[PATCH v14 7/8] signal: define the field siginfo.si_faultflags

Eric W. Biederman ebiederm at xmission.com
Wed Nov 11 15:15:15 EST 2020


Dave Martin <Dave.Martin at arm.com> writes:

> On Mon, Nov 09, 2020 at 07:57:33PM -0600, Eric W. Biederman wrote:
>> Peter Collingbourne <pcc at google.com> writes:
>> 
>> > This field will contain flags that may be used by signal handlers to
>> > determine whether other fields in the _sigfault portion of siginfo are
>> > valid. An example use case is the following patch, which introduces
>> > the si_addr_tag_bits{,_mask} fields.
>> >
>> > A new sigcontext flag, SA_FAULTFLAGS, is introduced in order to allow
>> > a signal handler to require the kernel to set the field (but note
>> > that the field will be set anyway if the kernel supports the flag,
>> > regardless of its value). In combination with the previous patches,
>> > this allows a userspace program to determine whether the kernel will
>> > set the field.
>> >
>> > It is possible for an si_faultflags-unaware program to cause a signal
>> > handler in an si_faultflags-aware program to be called with a provided
>> > siginfo data structure by using one of the following syscalls:
>> >
>> > - ptrace(PTRACE_SETSIGINFO)
>> > - pidfd_send_signal
>> > - rt_sigqueueinfo
>> > - rt_tgsigqueueinfo
>> >
>> > So we need to prevent the si_faultflags-unaware program from causing an
>> > uninitialized read of si_faultflags in the si_faultflags-aware program when
>> > it uses one of these syscalls.
>> >
>> > The last three cases can be handled by observing that each of these
>> > syscalls fails if si_code >= 0. We also observe that kill(2) and
>> > tgkill(2) may be used to send a signal where si_code == 0 (SI_USER),
>> > so we define si_faultflags to only be valid if si_code > 0.
>> >
>> > There is no such check on si_code in ptrace(PTRACE_SETSIGINFO), so
>> > we make ptrace(PTRACE_SETSIGINFO) clear the si_faultflags field if it
>> > detects that the signal would use the _sigfault layout, and introduce
>> > a new ptrace request type, PTRACE_SETSIGINFO2, that a si_faultflags-aware
>> > program may use to opt out of this behavior.
>> 
>> So I think while well intentioned this is misguided.
>> 
>> gdb and the like may use this but I expect the primary user is CRIU
>> which simply reads the signal out of one process saves it on disk
>> and then restores the signal as read into the new process (possibly
>> on a different machine).
>> 
>> At least for the CRIU usage PTRACE_SETSIGINFO need to remain a raw
>> pass through kind of operation.
>
> This is a problem, though.
>
> How can we tell the difference between a siginfo that was generated by
> the kernel and a siginfo that was generated (or altered) by a non-xflags
> aware userspace?
>
> Short of revving the whole API, I don't see a simple solution to this.
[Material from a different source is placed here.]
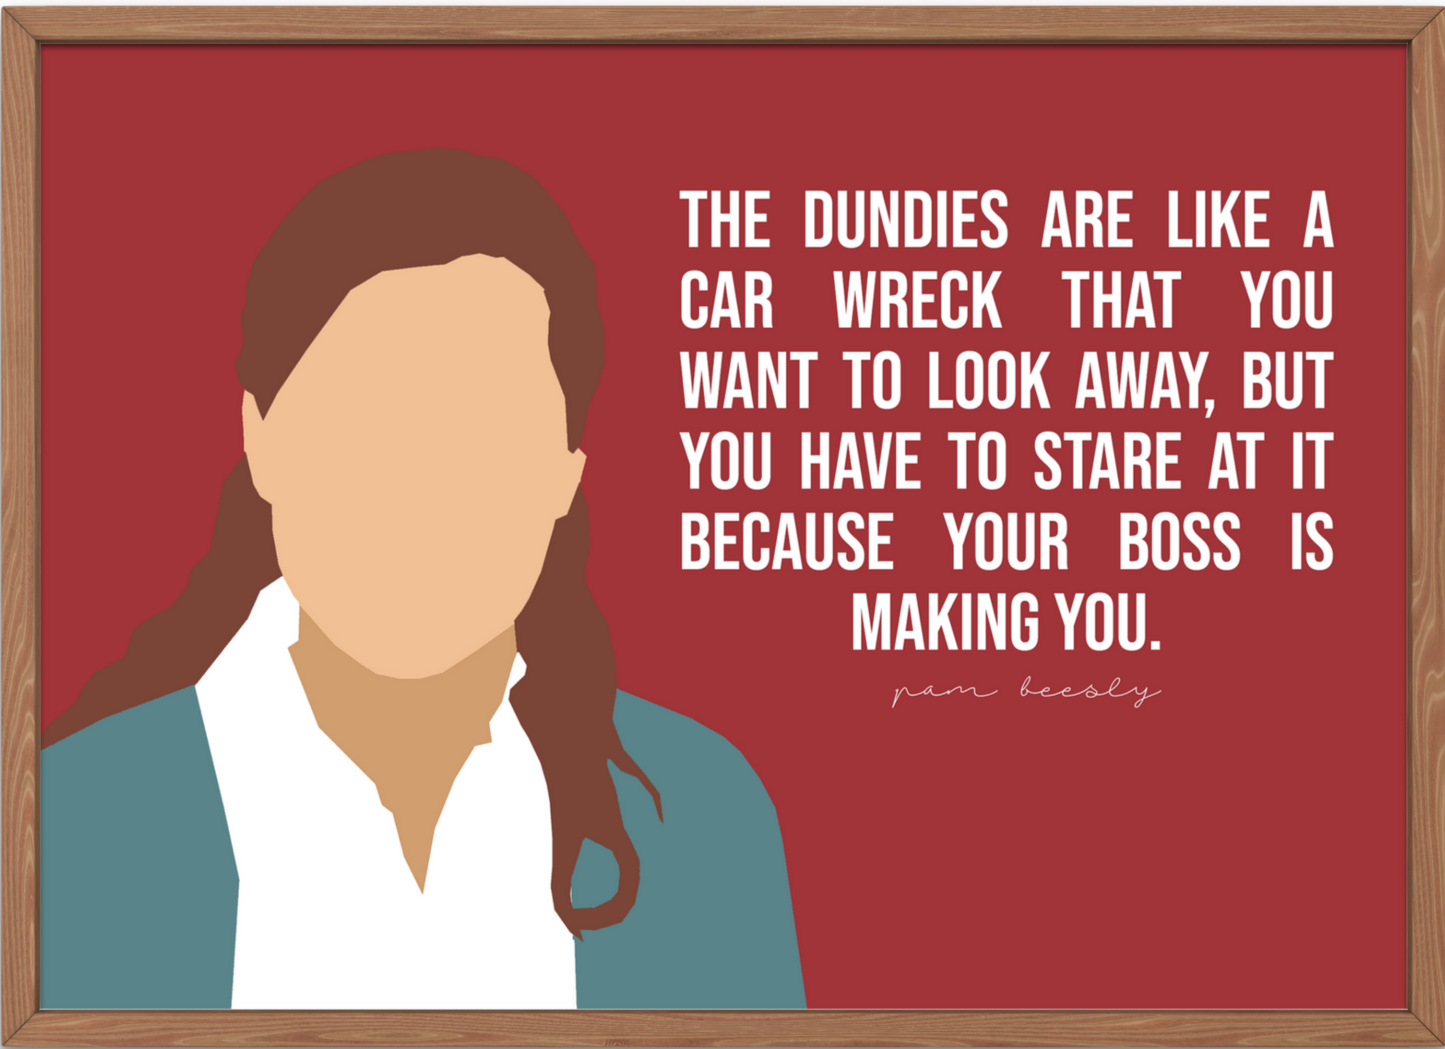 The Office Poster | Dundies are like a car wreck - Pam Beesly
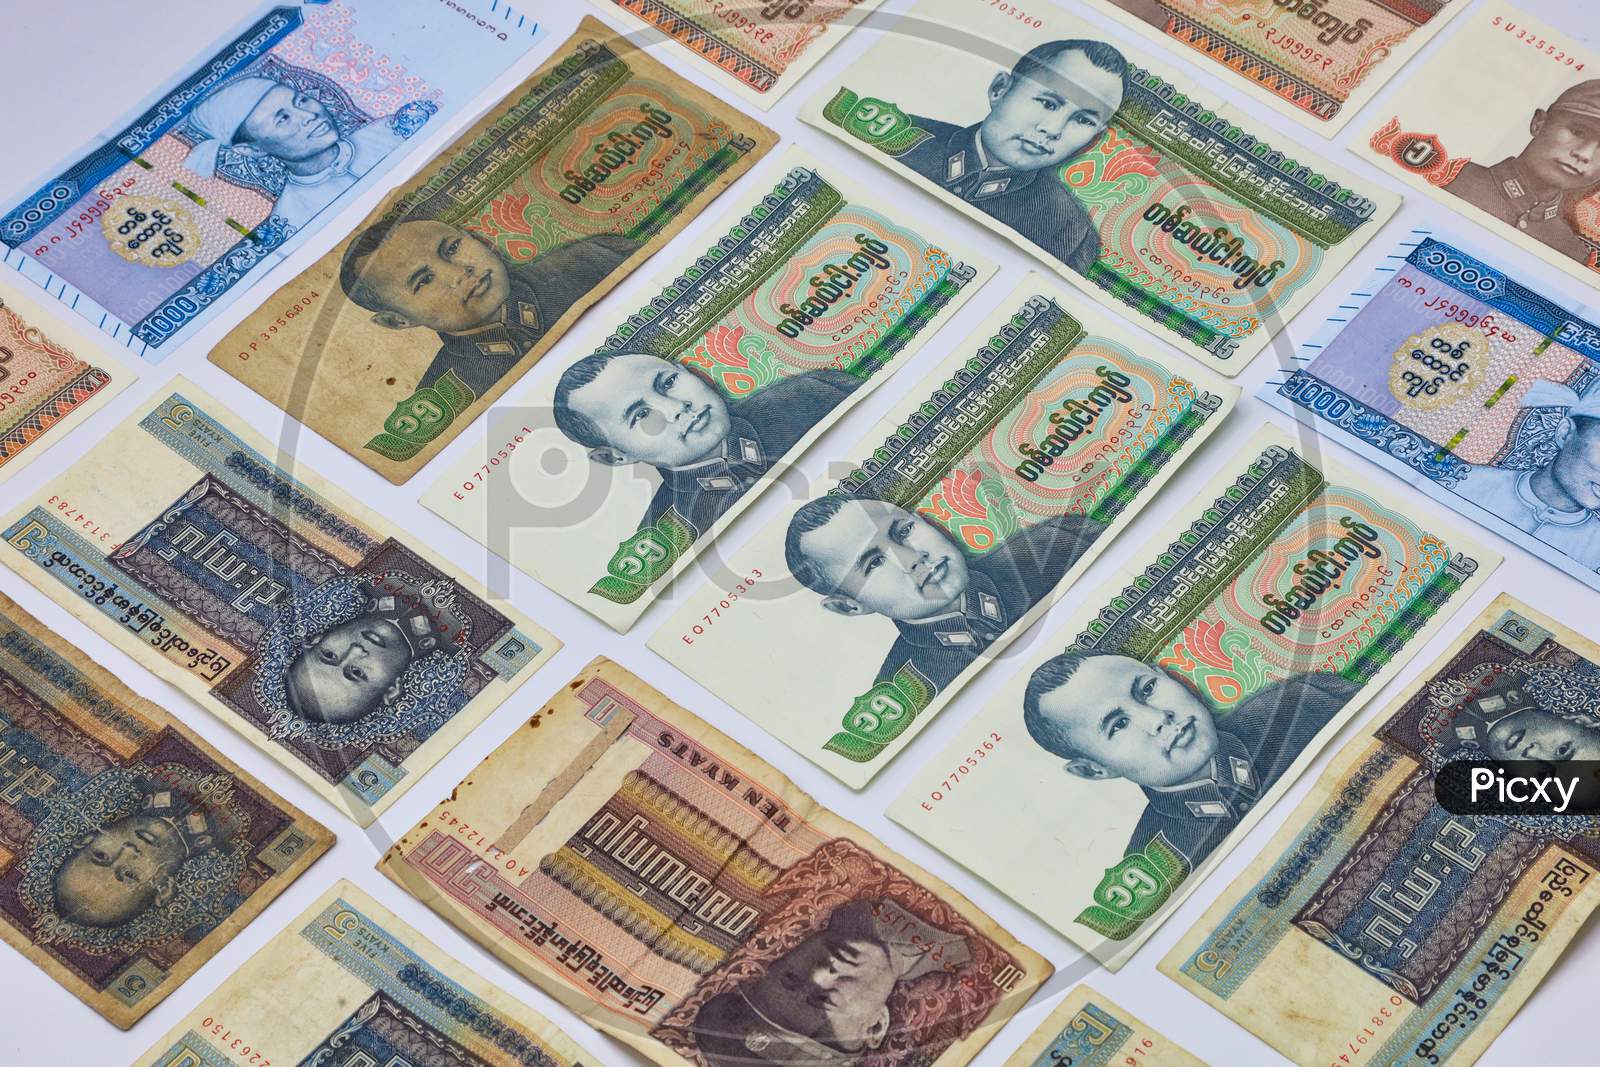 Myanmar Kyats Banknote, Myanmar Kyat Currency Notes placed in sequence on White Background

Unlike receiving a signal.  We do know that userspace old and new
always sends unused fields as zero into PTRACE_SETSIGINFO.

The split into kernel_siginfo verifies this and fails userspace if it
does something different.  No problems have been reported.

So in the case of xflags a non-xflags aware userspace would either pass
the siginfo from through from somewhere else (such as
PTRACE_GETSIGINFO), or it would simply generate a signal with all of
the xflags bits clear.  So everything should work regardless.

> Although a bit of a hack, could we include some kind of checksum in the
> siginfo?  If the checksum matches during PTRACE_SETSIGINFO, we could
> accept the whole thing; xflags included.  Otherwise, we could silently
> drop non-self-describing extensions.
>
> If we only need to generate the checksum when PTRACE_GETSIGINFO is
> called then it might be feasible to use a strong hash; otherwise, this
> mechanism will be far from bulletproof.
>
> A hash has the advantage that we don't need any other information
> to validate it beyond a salt: if the hash matches, it's self-
> validating.  We could also package other data with it to describe the
> presence of extensions, but relying on this for regular sigaction()/
> signal delivery use feels too high-overhead.
>
> For debuggers, I suspect that PTRACE_SETSIGINFO2 is still useful:
> userspace callers that want to write an extension field that they
> knowingly generated themselves should have a way to express that.
>
> Thoughts?

I think there are two cases:
1) CRIU  -- It is just a passthrough of PTRACE_GETSIGINFO
2) Creating a signal from nowhere -- Code that does not know about
   xflags would leave xflags at 0 so no problem.

Does anyone see any other cases I am missing?